**PROBLEM TO SOLVE:** Write out all of the records below precisely as given, omitting the images.

Stored entries
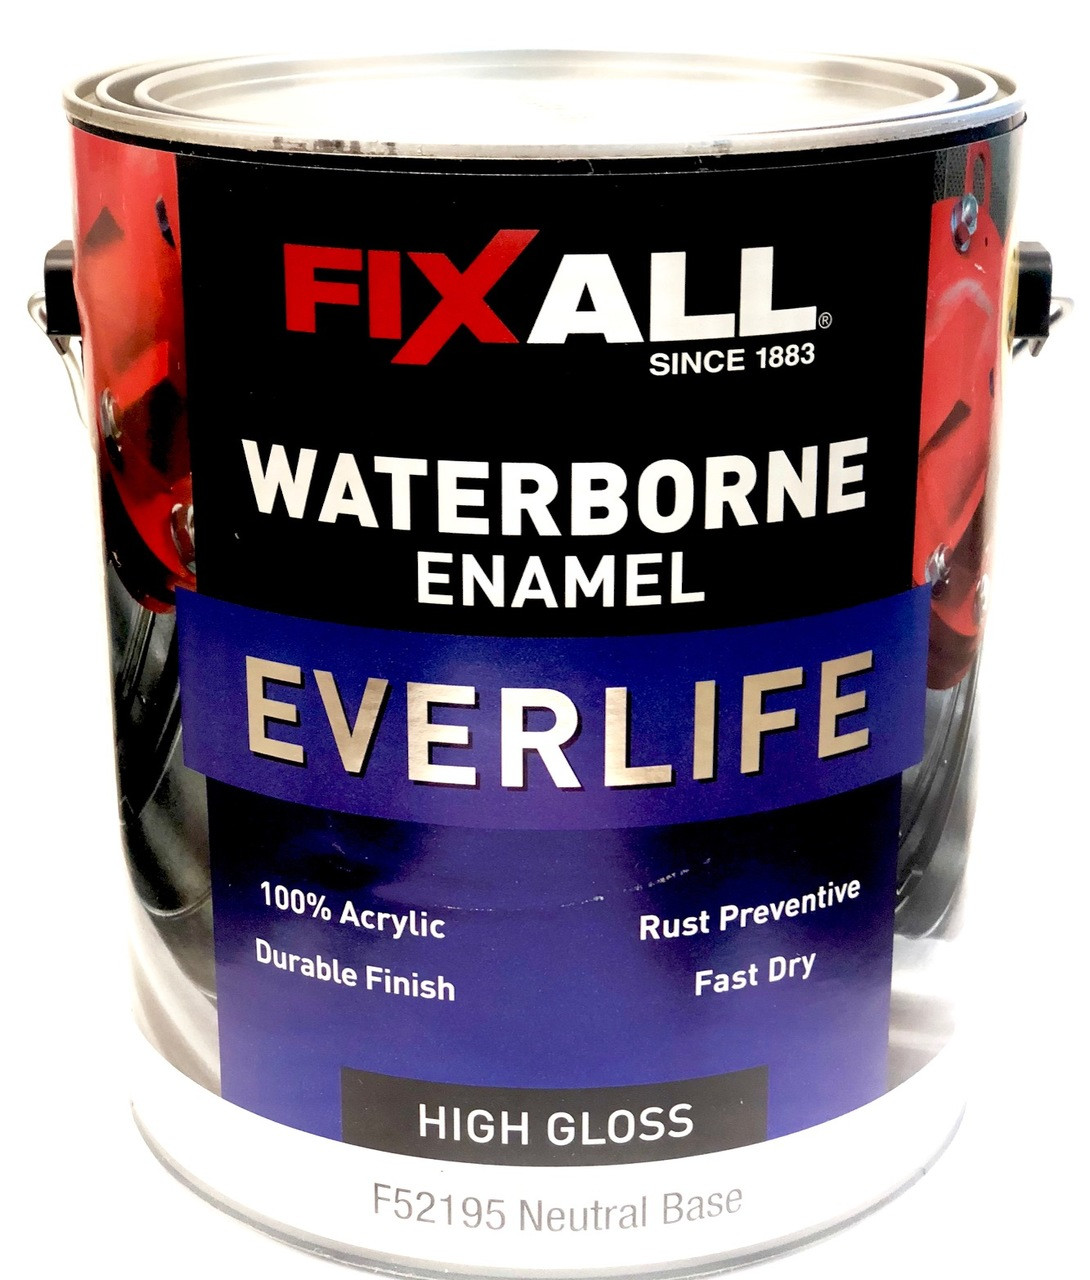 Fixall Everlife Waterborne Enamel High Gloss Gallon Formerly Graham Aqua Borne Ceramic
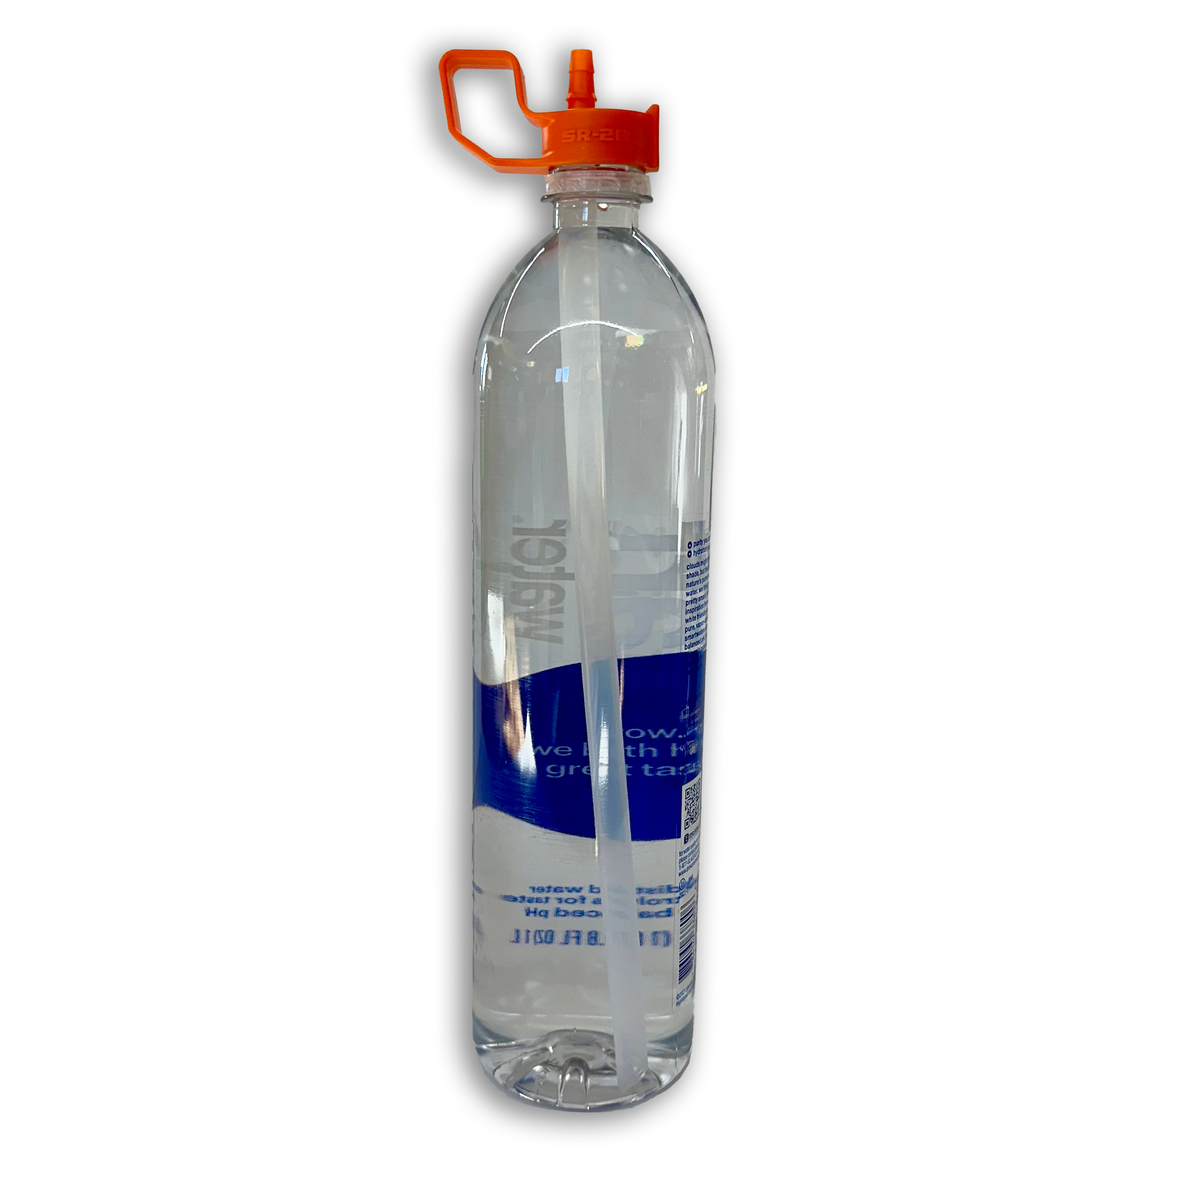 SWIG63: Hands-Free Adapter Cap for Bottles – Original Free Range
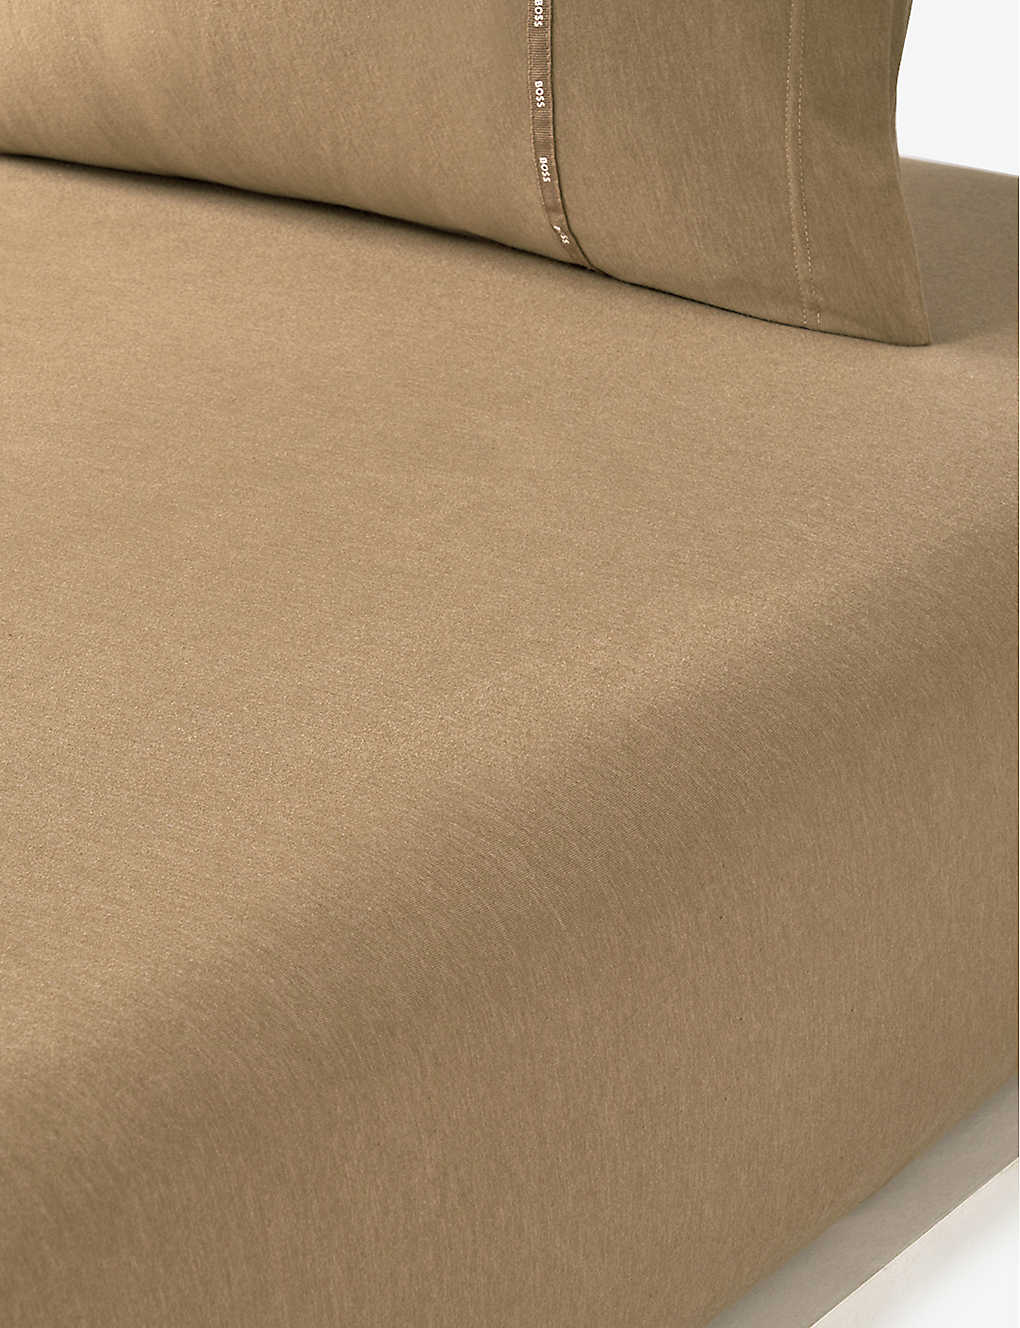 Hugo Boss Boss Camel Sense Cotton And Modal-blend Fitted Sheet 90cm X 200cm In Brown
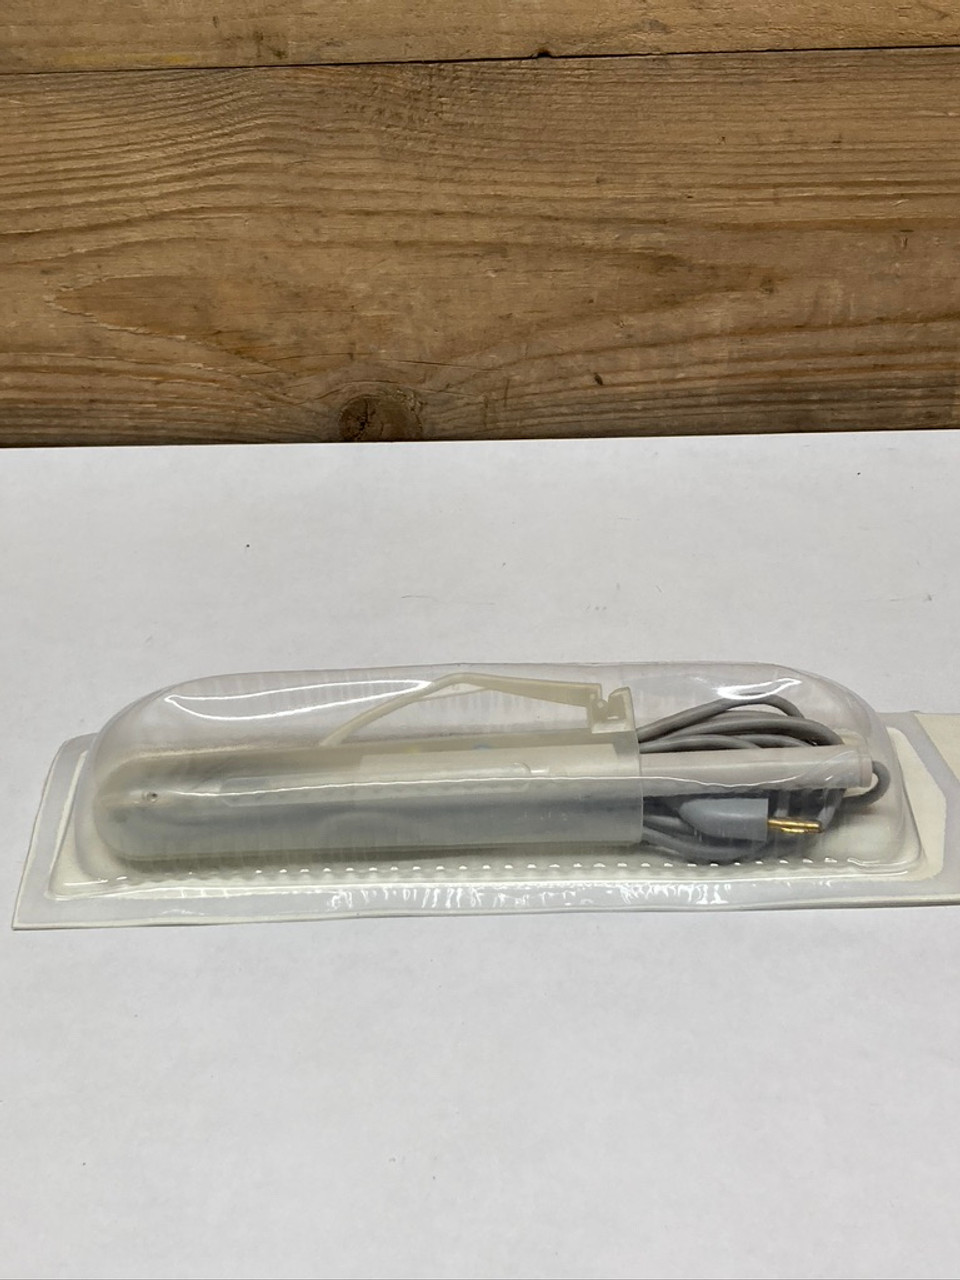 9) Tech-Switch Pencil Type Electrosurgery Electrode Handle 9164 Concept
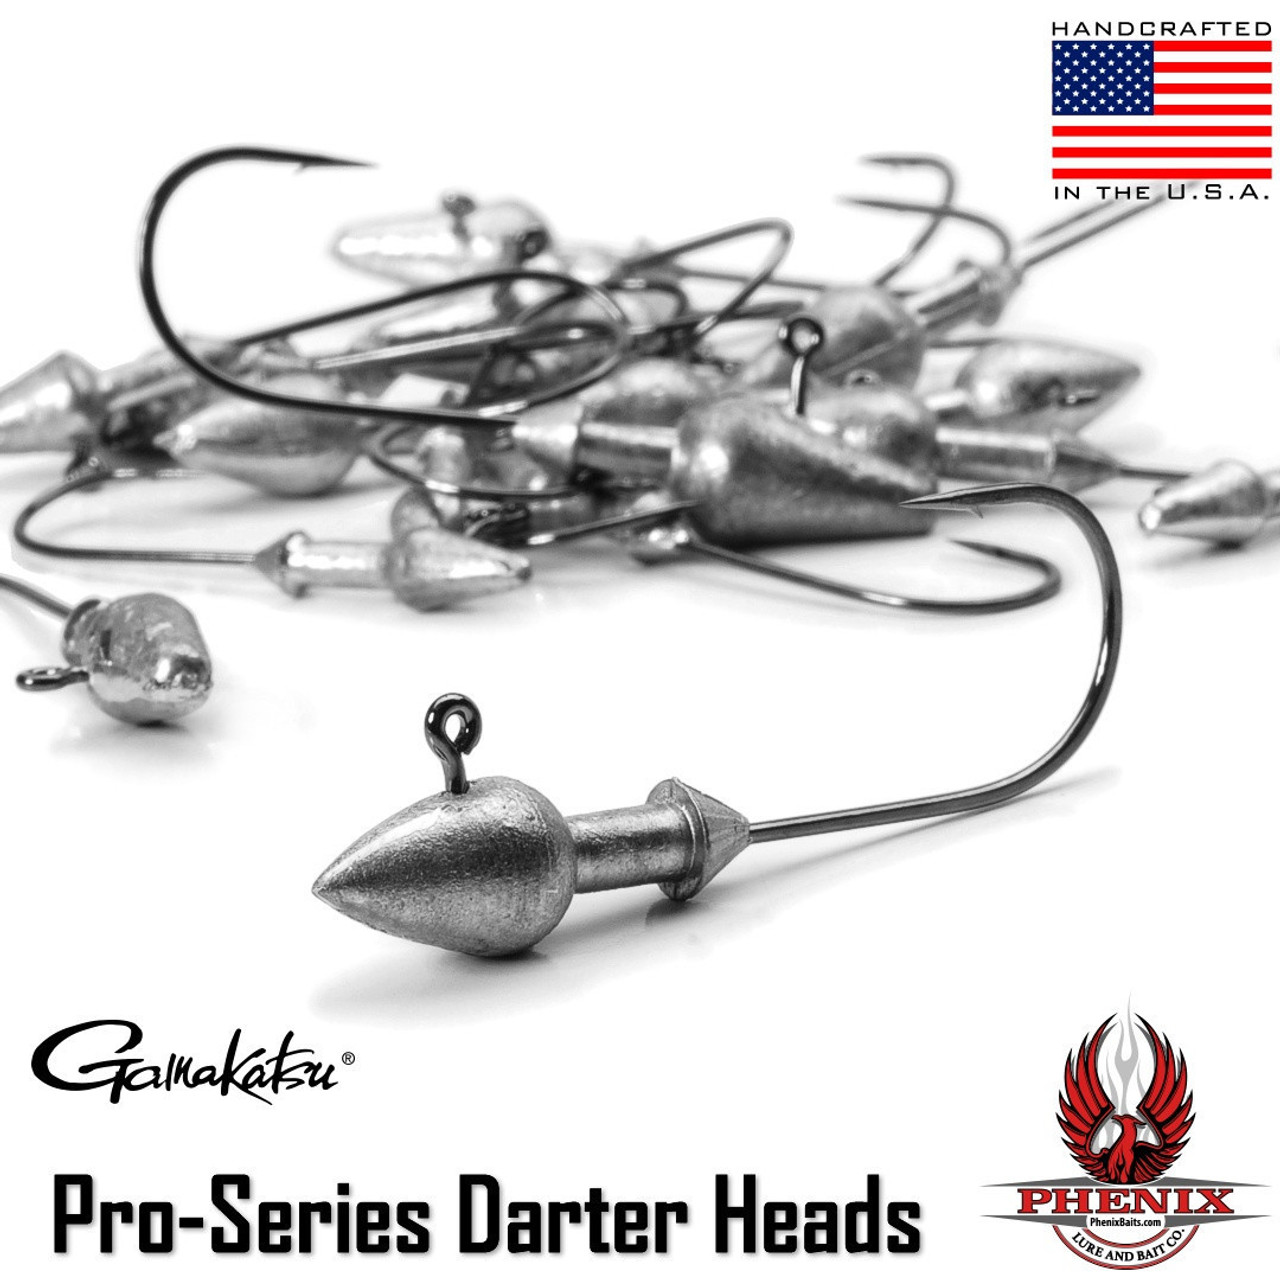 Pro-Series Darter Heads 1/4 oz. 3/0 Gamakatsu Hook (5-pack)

**TASK ANSWER:**
 Fixall Everlife Waterborne Enamel High Gloss Gallon Formerly Graham Aqua Borne Ceramic
 SWIG63: Hands-Free Adapter Cap for Bottles – Original Free Range
 Hugo Boss Boss Camel Sense Cotton And Modal-blend Fitted Sheet 90cm X 200cm In Brown
 9) Tech-Switch Pencil Type Electrosurgery Electrode Handle 9164 Concept
 Pro-Series Darter Heads 1/4 oz. 3/0 Gamakatsu Hook (5-pack)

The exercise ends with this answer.